Which is also the entire formula for the side-quests in the game, of which there are about 120. Why so many? Because. Most of them are just “go there, kill enemies, go back” or something that sounds as exciting as that. And some have storylines of sorts, but those storylines are extremely boring and uninteresting. Meet a character who’s very nice – here’s a series of 5 side quests, between which you need to reload the location so the next one appears, at the end o which you will learn that the character is indeed very nice. Exciting.
And it brings me to that lack of cohesion and understanding of what the game is. It genuinely feels that story was written by one team, combat done by another, main quests by another, side quests by another, locations and mechanics that get their own long explanation only to then never be used again was made by another… And many other teams, none of which actually played the game and saw what their combined efforts bring. Characters get experience separately with each of their own XP bars filling in post-combat menu one by one. But it’s always synchronized across the entire team, so the more characters you get, the longer the post-combat screen lasts for no reason. Equipping a class gets its own intro cutscene, but you always get all artefacts by the middle of the story and can always unlock all classes for every character. Yet, when you finally get the last character, if you want to unlock their classes (which you obviously do), you need to sit through about 8 unskippable class intro cutscenes in a row. And every character gets an achievement for “unlocking all classes”, separately, even though you can’t not get all of them unless you’re too lazy to equip the artefacts. Some of the interior locations get a weird prompt if you want to enter them that looks like a last minute crutch, while some don’t…

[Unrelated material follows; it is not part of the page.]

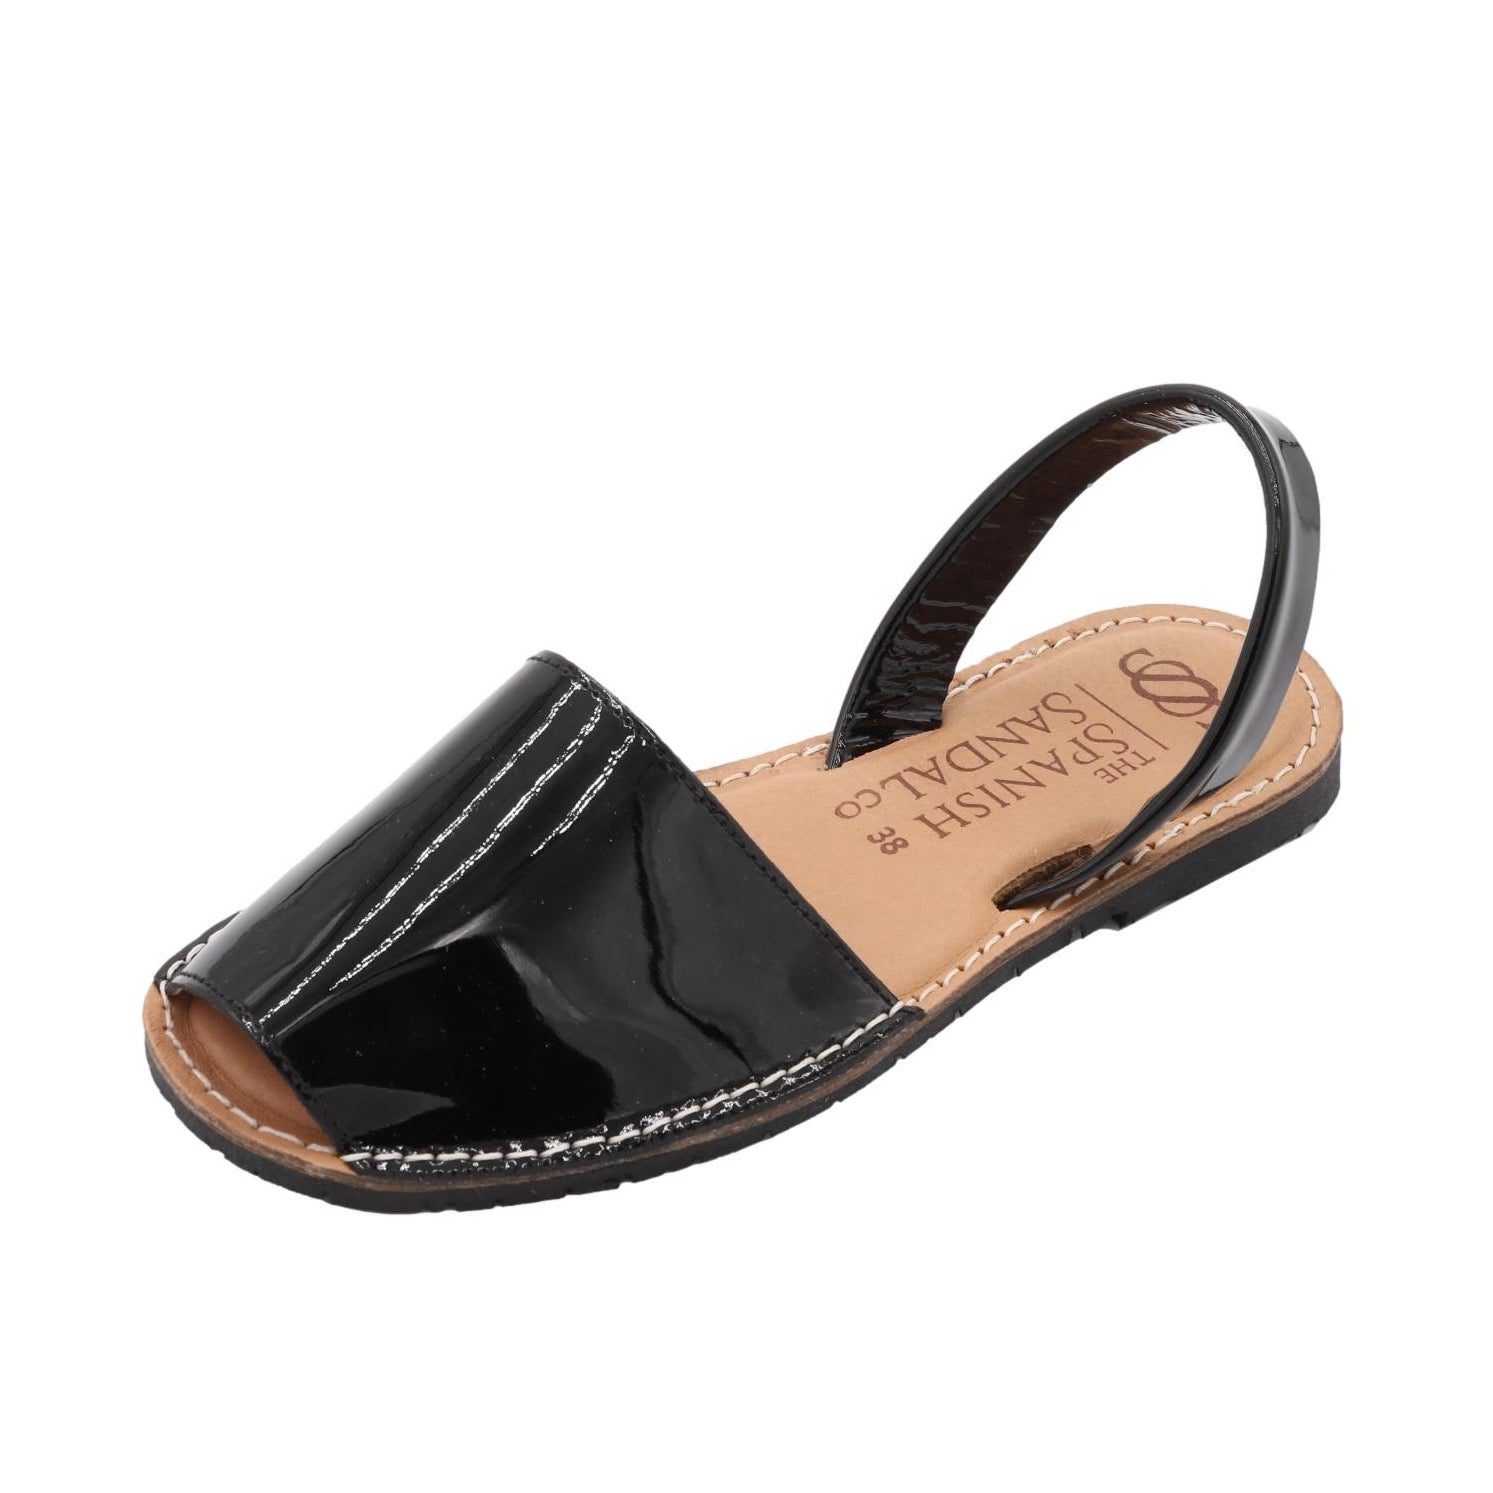 Black patent sandals

I’m not even talking about how technically messy this game is. I had one fight almost become unwinnable because the enemy got flung high into the sky by one magic attack and couldn’t go back down. Objects on the locations might stay invisible. Map markers glitch constantly. Half of the cutscenes render at the gameplay framerate and look fine, half are rendered at a lower framerate and look like they’re constantly lagging for no apparent reason. Some of the already mentioned on-off mechanics barely function or require you to perform incredibly illogical and inconvenient things. The way controls are assigned is ridiculous and you cannot rebind any action to any button – for whatever reason, only select buttons are available per specific action. Also the game has about 4 different types of “currencies”, with 3 of them being almost entirely pointless for the majority of the game. Again – as if someone had an idea, put it in the game and no one ever played the completed product to realize that most of it could and should be cut or changed.
For the first dozen of hours or so I thought that I’d end up being carefully recommending the game. It had already shown most of its aforementioned problems and lack of cohesion or understanding what game is it supposed to be, but at least it was a simple adventure that could be enjoyable. But then the game lasted for way too long, for absolutely no reason. I could easily see cutting about half of everything in this game, locations, mechanics, story beats, characters and etc., and getting a far superior title. It would still be not something you’d love and remember forever, but at least it would be approaching the entertainment level of Trials of Mana, just without all of the fun crazy ambitions of that game. But as is, Visions of Mana is a boring confused mess that doesn’t do anything too badly, but also doesn’t have anything to justify spending the time on it.